Height Increase Pages

Sunday, June 3, 2012

Grow Taller with NF-kappaB ?

Proepithelin stimulates p65.  Fructose stimulates p65. IL-6 stimulates p65 by PI3K.

Nuclear factor-kappaB p65 facilitates longitudinal bone growth by inducing growth plate chondrocyte proliferation and differentiation and by preventing apoptosis.

"Mice deficient in the NF-kappaB subunits p50 and p52 have retarded growth. Using cultured rat metatarsal bones and isolated growth plate chondrocytes, we studied the effects of two NF-kappaB inhibitors (pyrrolidine dithiocarbamate (PDTC) or BAY11-7082 (BAY)), p65 short interference RNA (siRNA), and of the overexpression of p65 on chondrocyte proliferation, differentiation, and apoptosis. NF-kappaB p65 and BMP-2 [interact] in chondrocytes. PDTC and BAY suppressed metatarsal linear growth{so you don't want to inhibit the NF-kappaB pathway}. Such growth inhibition resulted from decreased chondrocyte proliferation and differentiation and from increased chondrocyte apoptosis{so NF-kappaB pathway increases chondrocyte proliferation and differentiation and decreases chondrocyte apoptosis}. In cultured chondrocytes, the inhibition of NF-kappaB p65 activation (by PDTC and BAY) and expression (by p65 siRNA) led to the same findings observed in cultured metatarsal bones. overexpression of p65 in cultured chondrocytes induced chondrocyte proliferation and differentiation and prevented apoptosis. Although PDTC, BAY, and p65 siRNA reduced the expression of BMP-2 in cultured growth plate chondrocytes, the overexpression of p65 increased it. The addition of Noggin, a BMP-2 antagonist, neutralized the stimulatory effects of p65 on chondrocyte proliferation and differentiation, as well as its anti-apoptotic effect. NF-kappaB p65 expressed in growth plate chondrocytes facilitates growth plate chondrogenesis and longitudinal bone growth by inducing BMP-2 expression and activity."

NF-kappaB p65->BMP2->height.

"inhibition of the proteasomal function in growth plate chondrocytes results in decreased NF-κB activation and reduced chondrogenesis"

"NF-κB p65 subunit is expressed throughout the growth plate, predominantly in the epiphyseal and hypertrophic zones."

"In NF-κB p50/p52 double knockout mice, the expression of the BMP-2 mRNA in the growth plate is significantly decreased."<-So it's not likely to get around NF-kappaB deficiency by directly increasing BMP-2.  Although it might still be possible.

Stimulatory effects of insulin-like growth factor-I on growth plate chondrogenesis are mediated by nuclear factor-kappaB p65.

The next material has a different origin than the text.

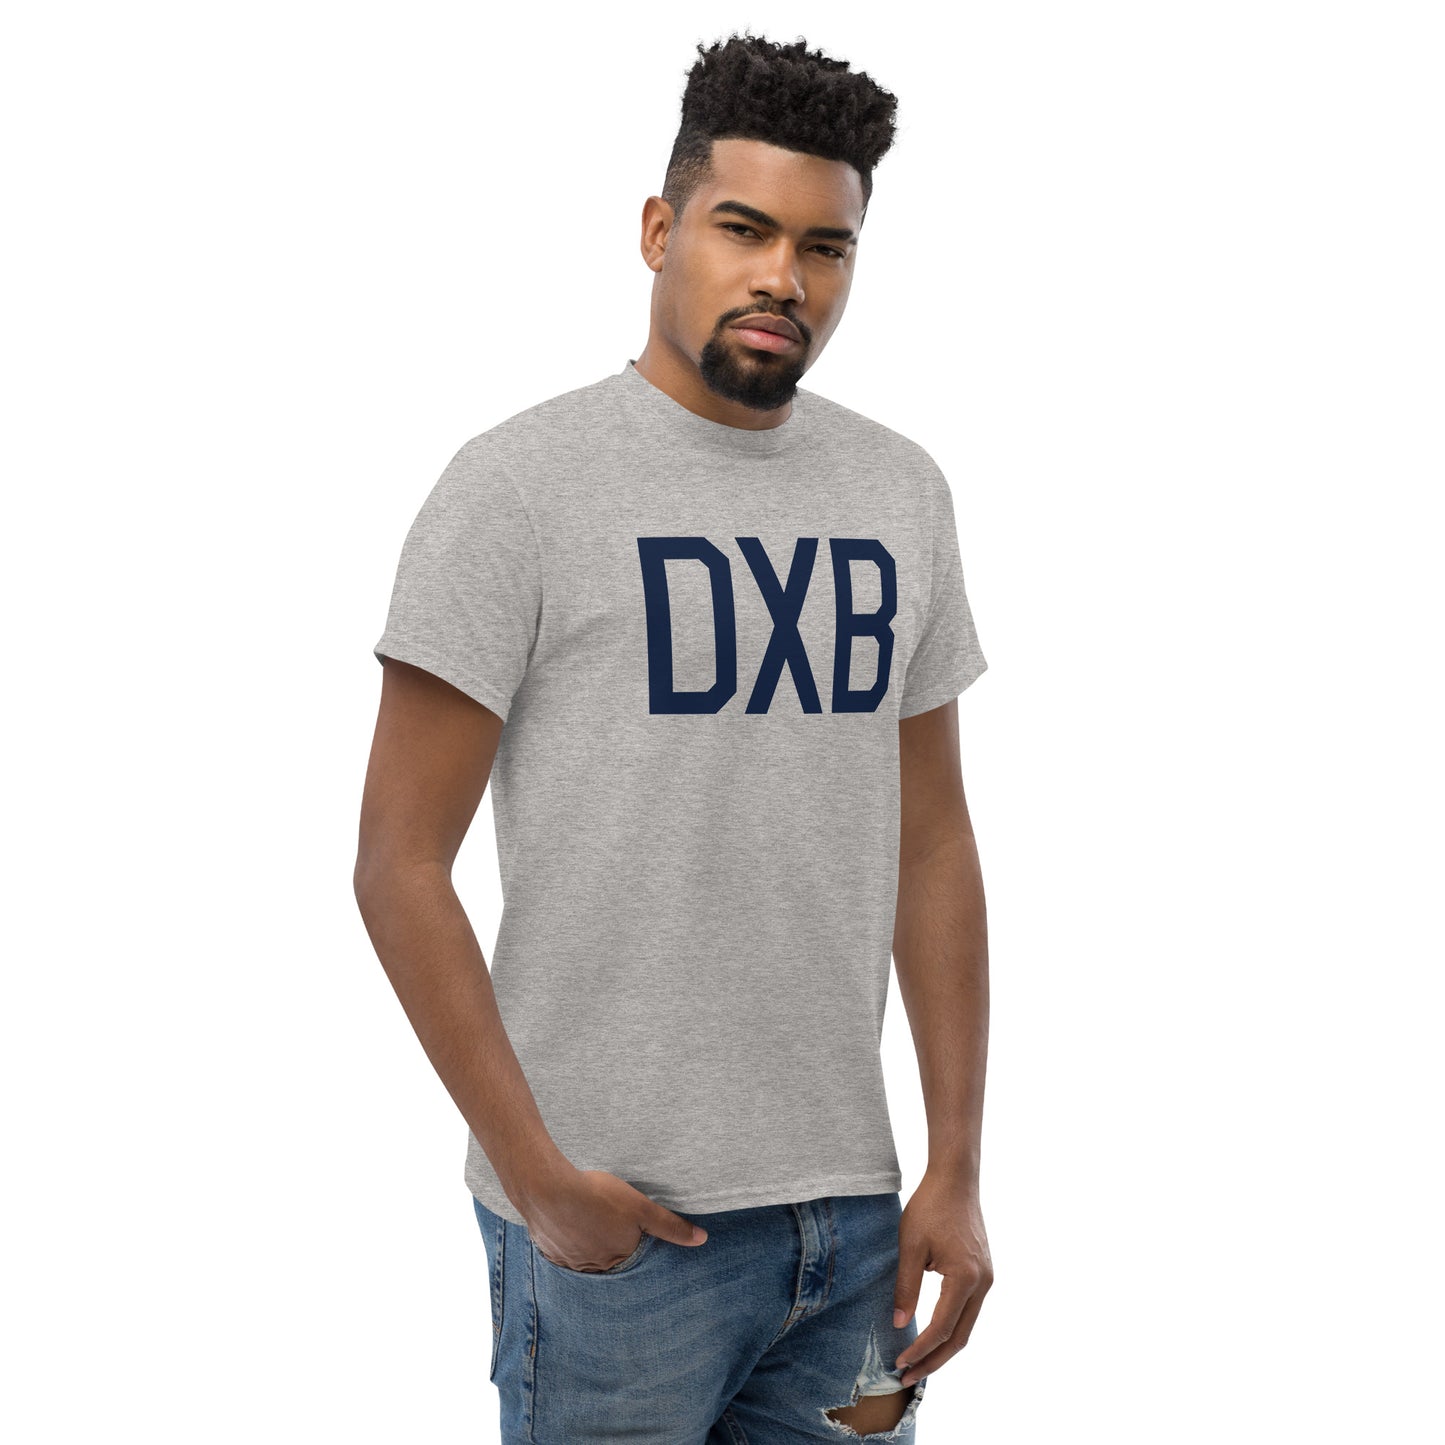 Aviation-Theme Men's T-Shirt - Navy Blue Graphic • DXB Dubai • YHM Designs - Image 08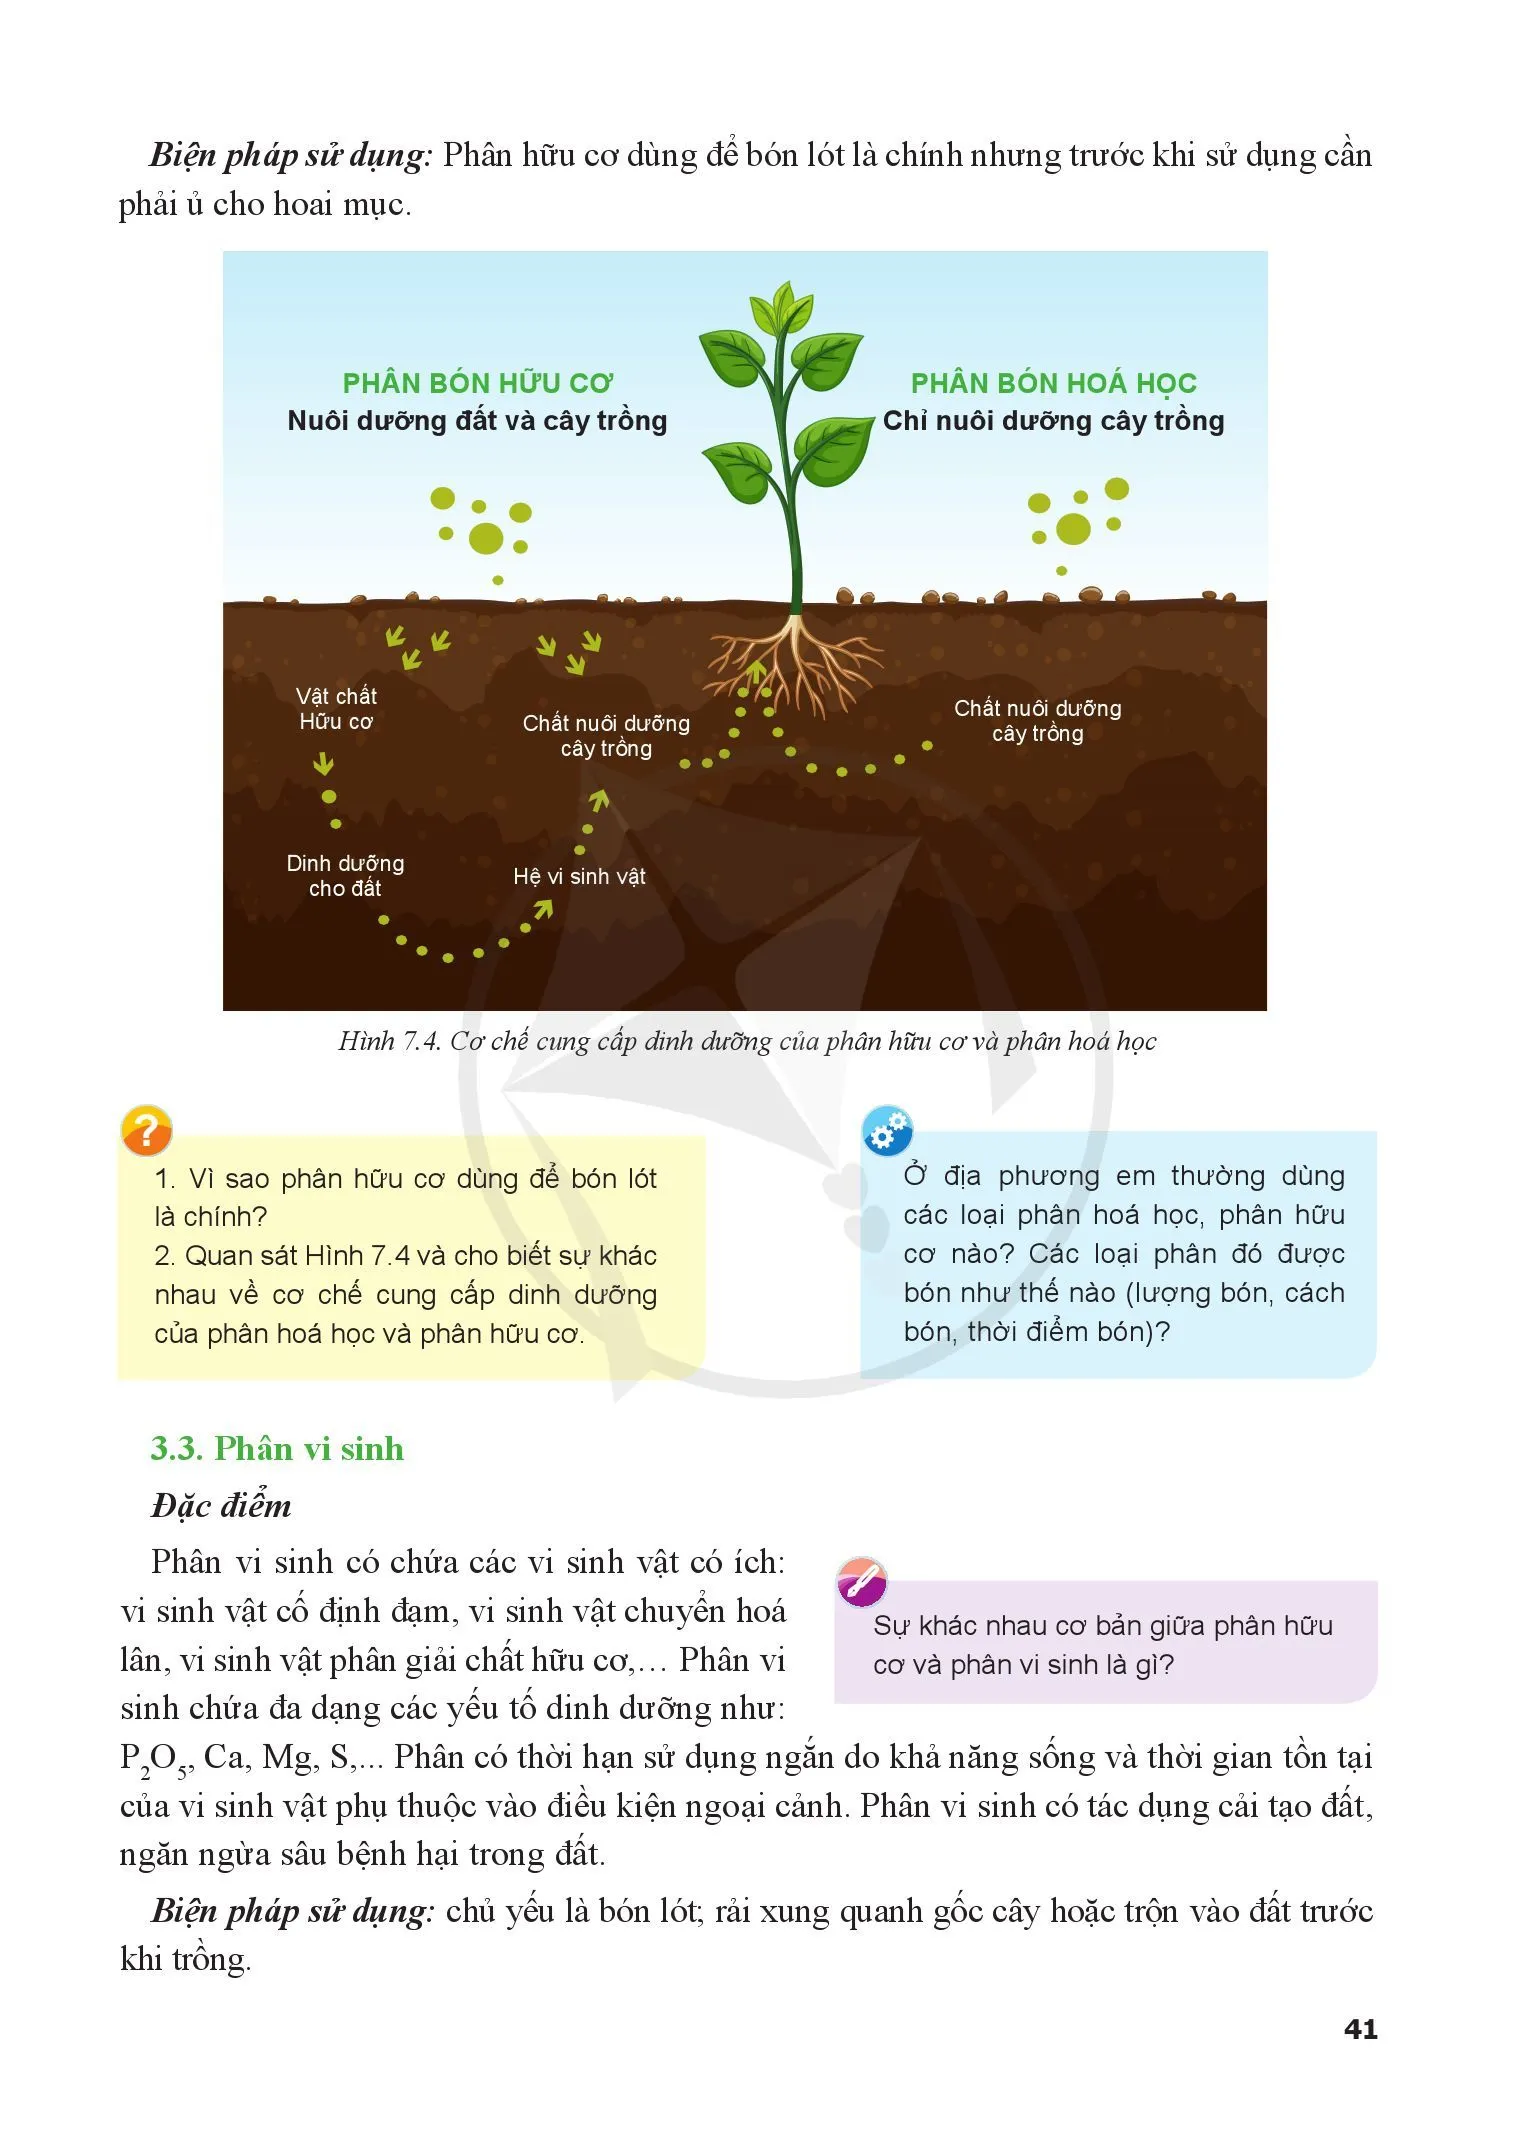 Bài 7. Một số loại phân bón thường dùng trong trồng trọt

"we first cultured rat metatarsal bones with IGF-I and/or pyrrolidine dithiocarbamate (PDTC), a known NF-kappaB inhibitor. The IGF-I-mediated stimulation of metatarsal growth and growth plate chondrogenesis was neutralized by PDTC. In rat growth plate chondrocytes, IGF-I induced NF-kappaB-p65 nuclear translocation. The inhibition of NF-kappaB-p65 expression and activity (by p65 short interfering RNA and PDTC, respectively) in chondrocytes reversed the IGF-I-mediated induction of cell proliferation and differentiation and the IGF-I-mediated prevention of cell apoptosis. The inhibition of the phosphatidylinositol 3-kinase and Akt abolished the effects of IGF-I on NF-kappaB activation."

"Mice deficient in both the NF-κB subunits p50 and p52 have retarded growth and shortened long bones"

"IGF-I increased the height of the growth plate epiphyseal and proliferative zones"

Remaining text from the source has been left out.